The mean normal body temperature was held to be 37$^{\circ}$C or 98.6$^{\circ}$F for more than 120 years since it was first conceptualized and reported by Carl Wunderlich in a famous 1868 book. But, is this value statistically correct?

<h3>Exercises</h3>

<p>In this exercise, you will analyze a dataset of human body temperatures and employ the concepts of hypothesis testing, confidence intervals, and statistical significance.</p>

<p>Answer the following questions <b>in this notebook below and submit to your Github account</b>.</p> 

<ol>
<li>  Is the distribution of body temperatures normal? 
    <ul>
    <li> Although this is not a requirement for the Central Limit Theorem to hold (read the introduction on Wikipedia's page about the CLT carefully: https://en.wikipedia.org/wiki/Central_limit_theorem), it gives us some peace of mind that the population may also be normally distributed if we assume that this sample is representative of the population.
    <li> Think about the way you're going to check for the normality of the distribution.
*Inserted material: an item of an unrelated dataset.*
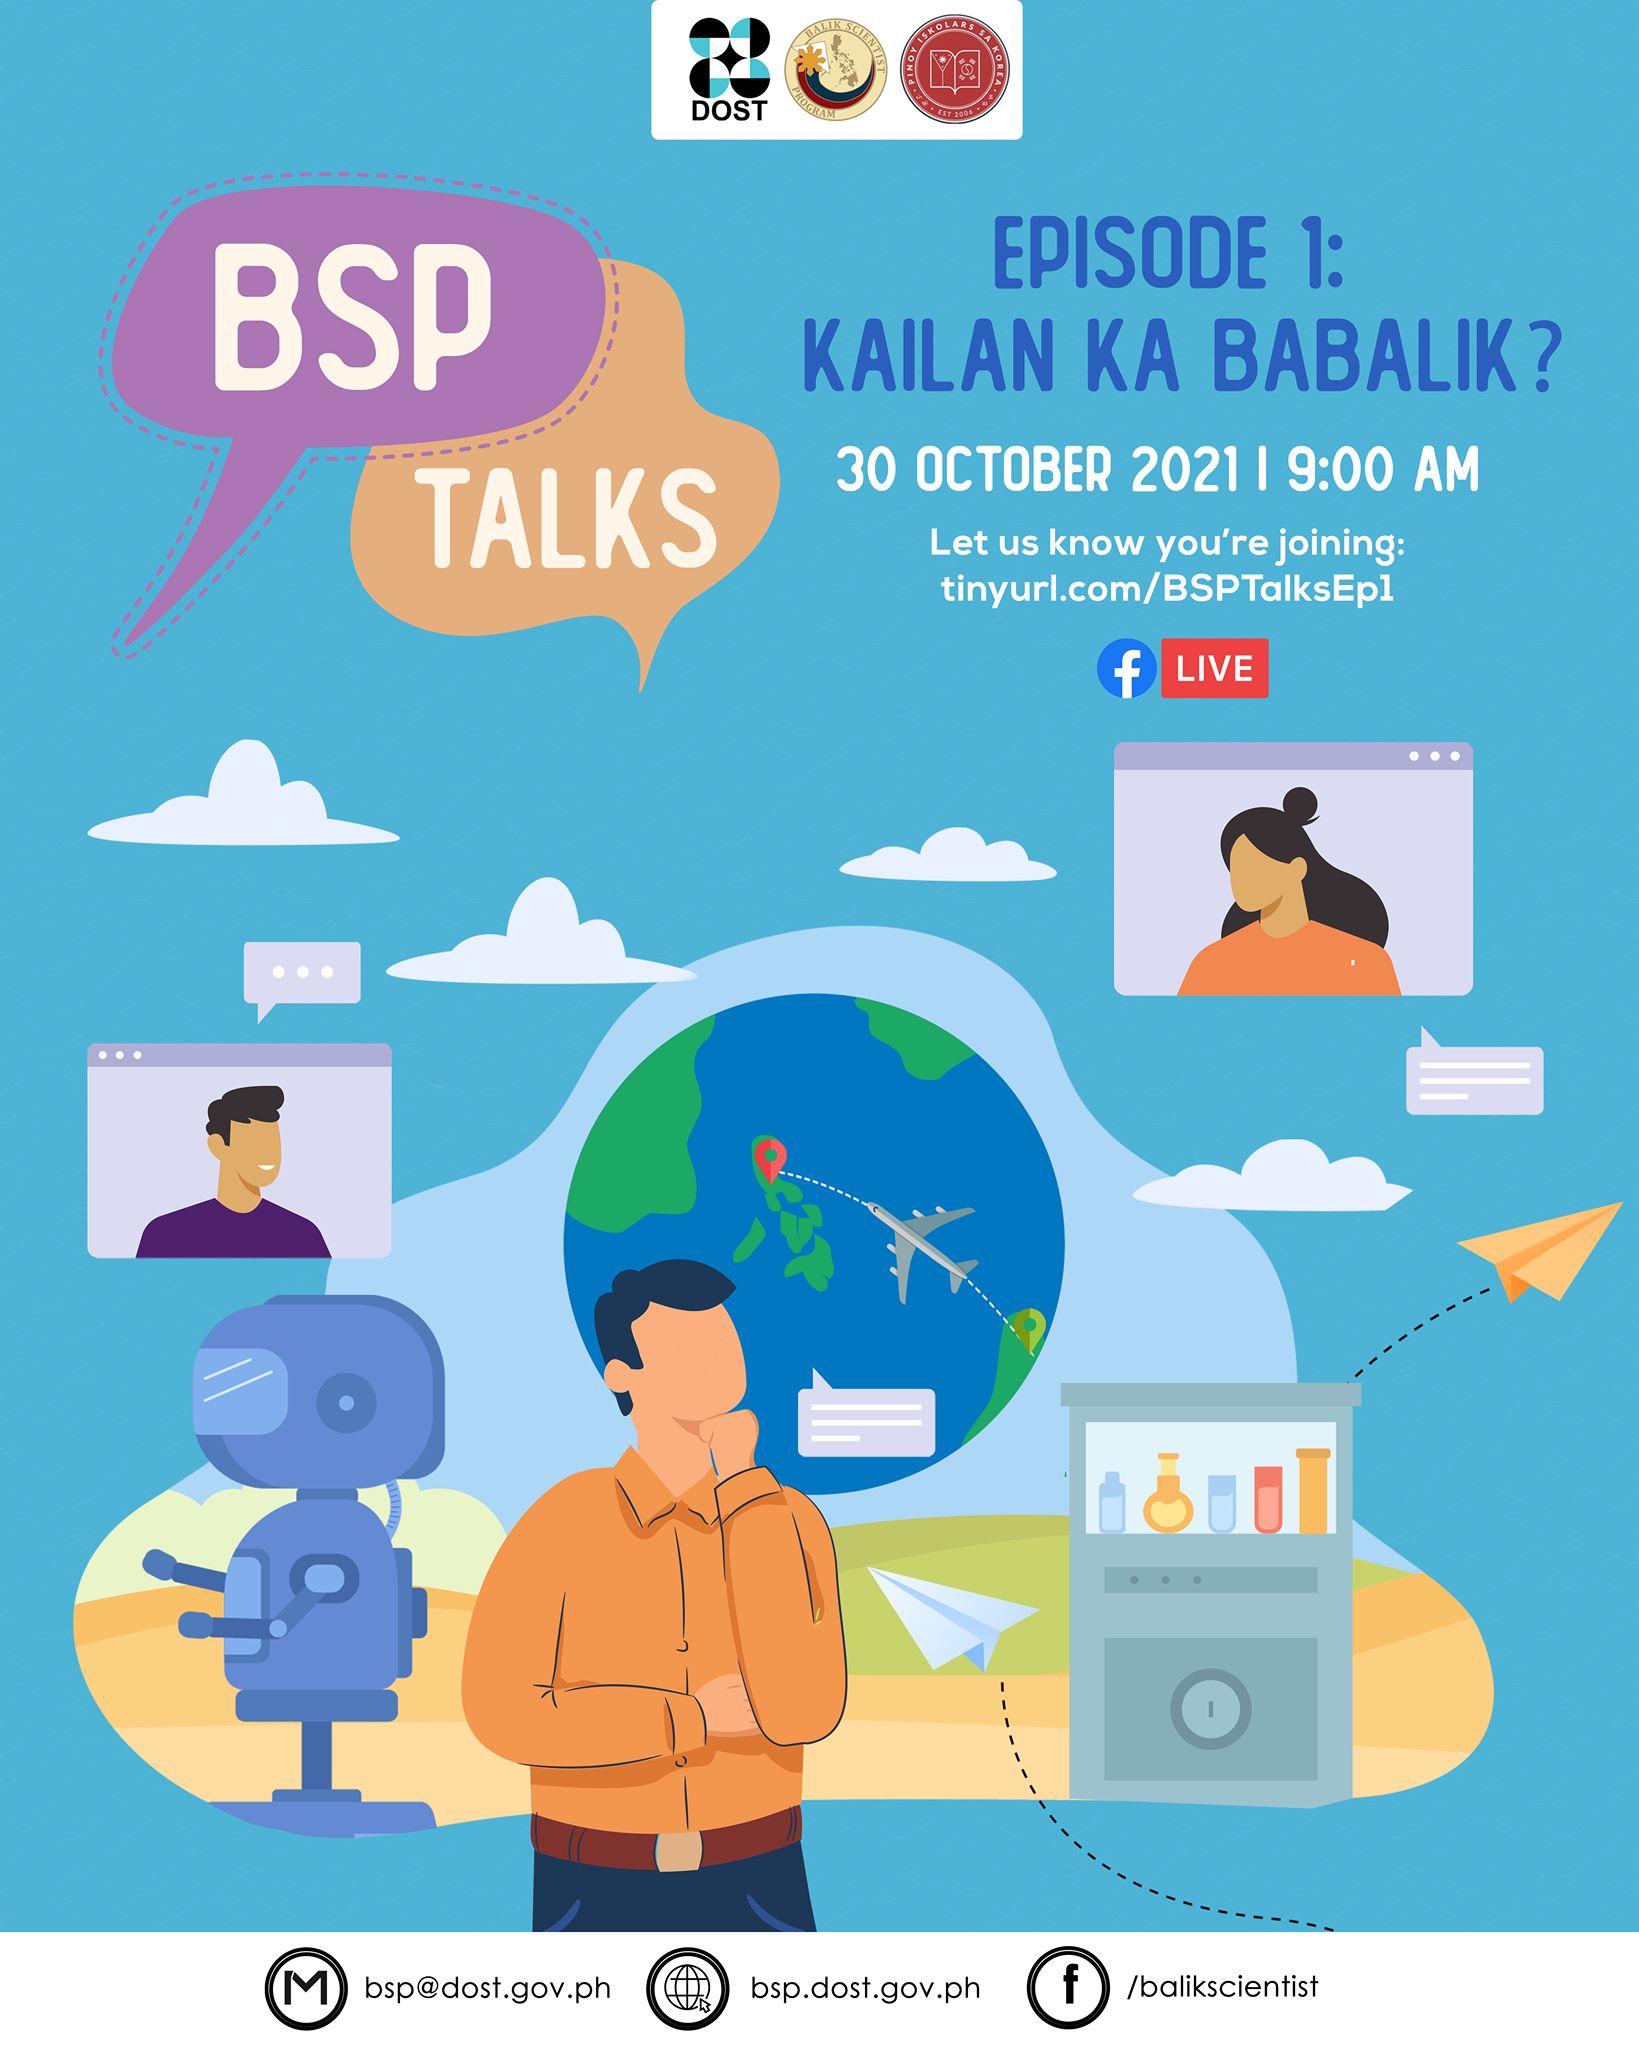 BSP Talks Episode 1: Kailan Ka Babalik?

Graphical methods are usually used first, but there are also other ways: https://en.wikipedia.org/wiki/Normality_test
    </ul>
<li>  Is the sample size large? Are the observations independent?
    <ul>
    <li> Remember that this is a condition for the Central Limit Theorem, and hence the statistical tests we are using, to apply.
    </ul>
<li>  Is the true population mean really 98.6 degrees F?
    <ul>
    <li> First, try a bootstrap hypothesis test.
    <li> Now, let's try frequentist statistical testing. Would you use a one-sample or two-sample test? Why?
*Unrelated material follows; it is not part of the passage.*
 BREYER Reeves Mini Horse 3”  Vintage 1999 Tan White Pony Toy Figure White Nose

    <li> In this situation, is it appropriate to use the $t$ or $z$ statistic? 
    <li> Now try using the other test. How is the result be different? Why?
    </ul>
<li>  Draw a small sample of size 10 from the data and repeat both frequentist tests. 
    <ul>
    <li> Which one is the correct one to use? 
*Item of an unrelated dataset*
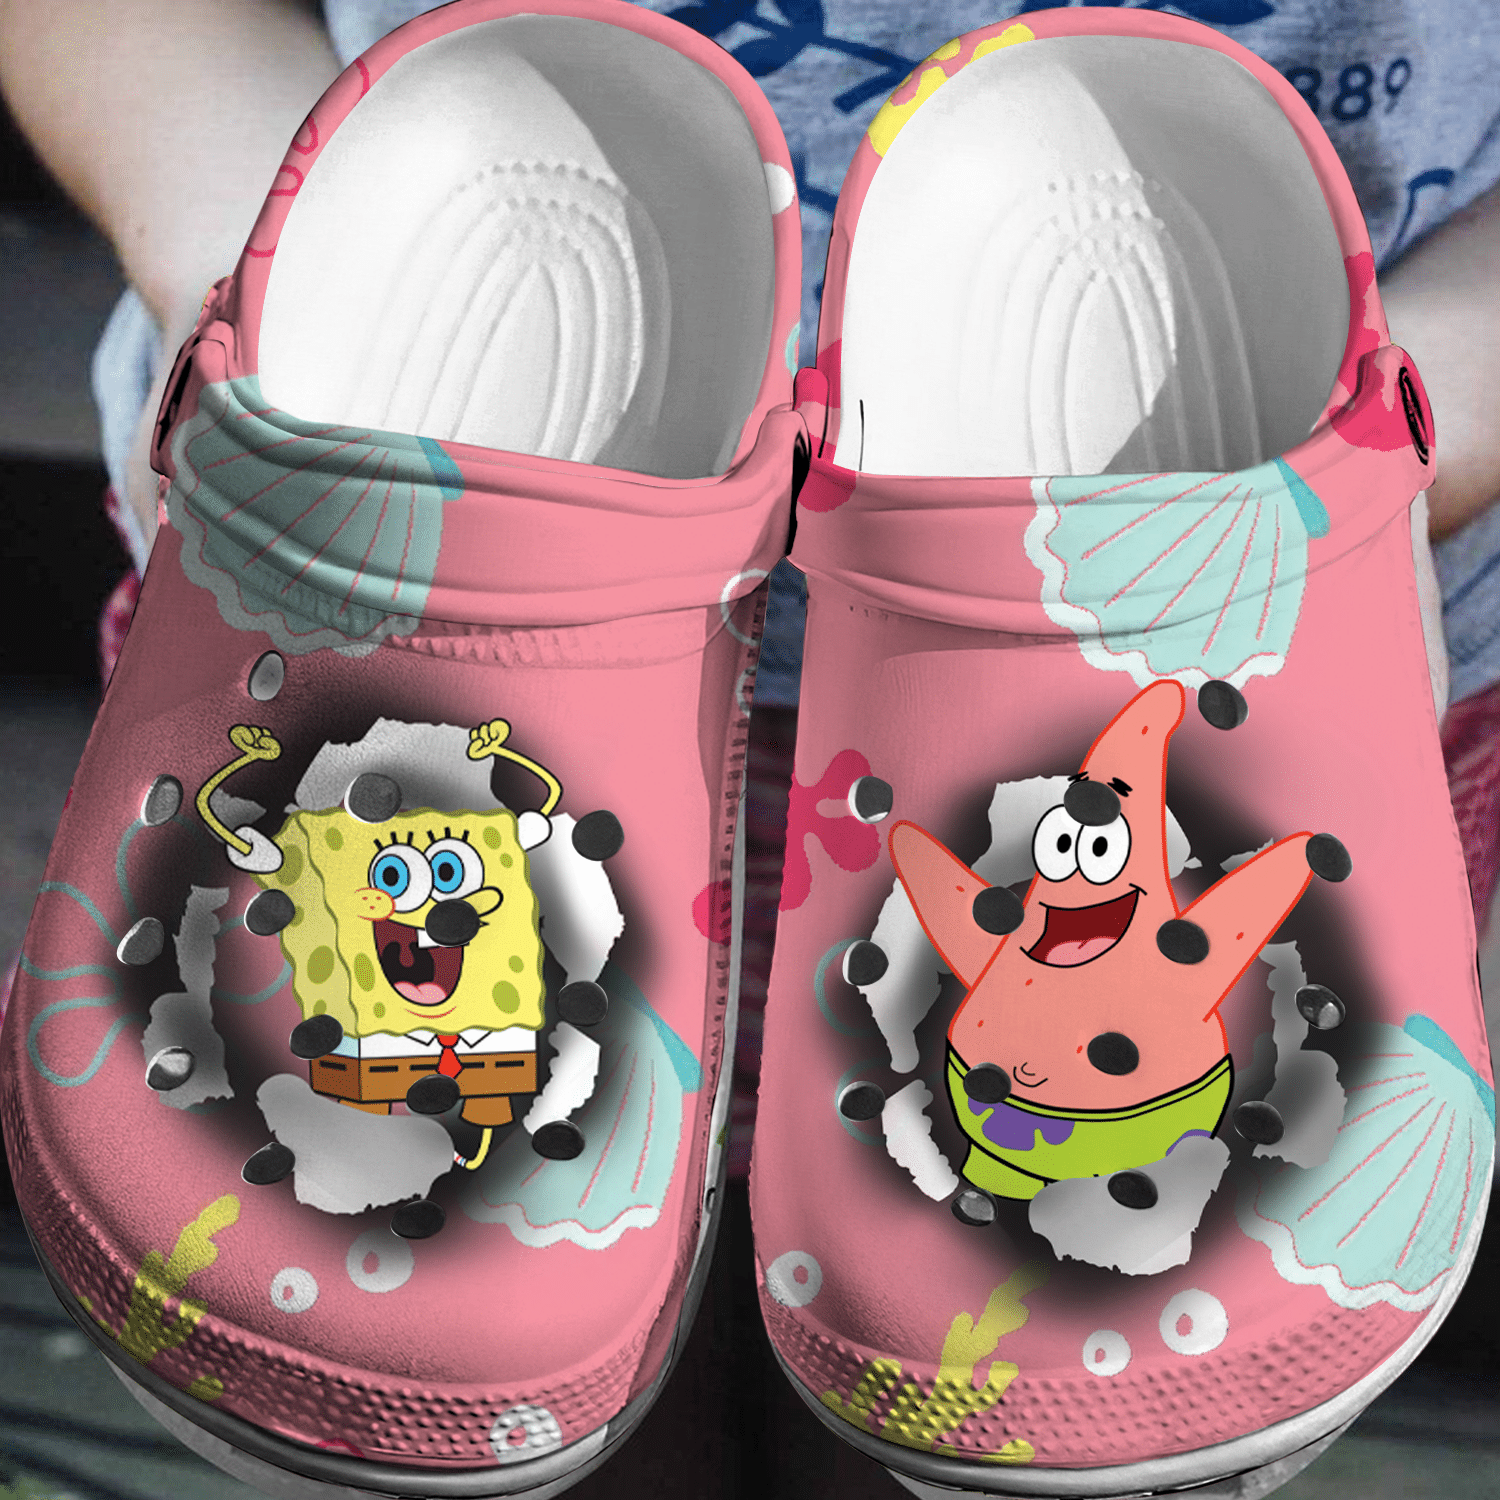 Spongebob Patrick Crocs 3D Clog Shoes

    <li> What do you notice? What does this tell you about the difference in application of the $t$ and $z$ statistic?
    </ul>
<li>  At what temperature should we consider someone's temperature to be "abnormal"?
    <ul>
    <li> As in the previous example, try calculating everything using the boostrap approach, as well as the frequentist approach.
    <li> Start by computing the margin of error and confidence interval. When calculating the confidence interval, keep in mind that you should use the appropriate formula for one draw, and not N draws.
    </ul>
<li>  Is there a significant difference between males and females in normal temperature?
    <ul>
    <li> What testing approach did you use and why?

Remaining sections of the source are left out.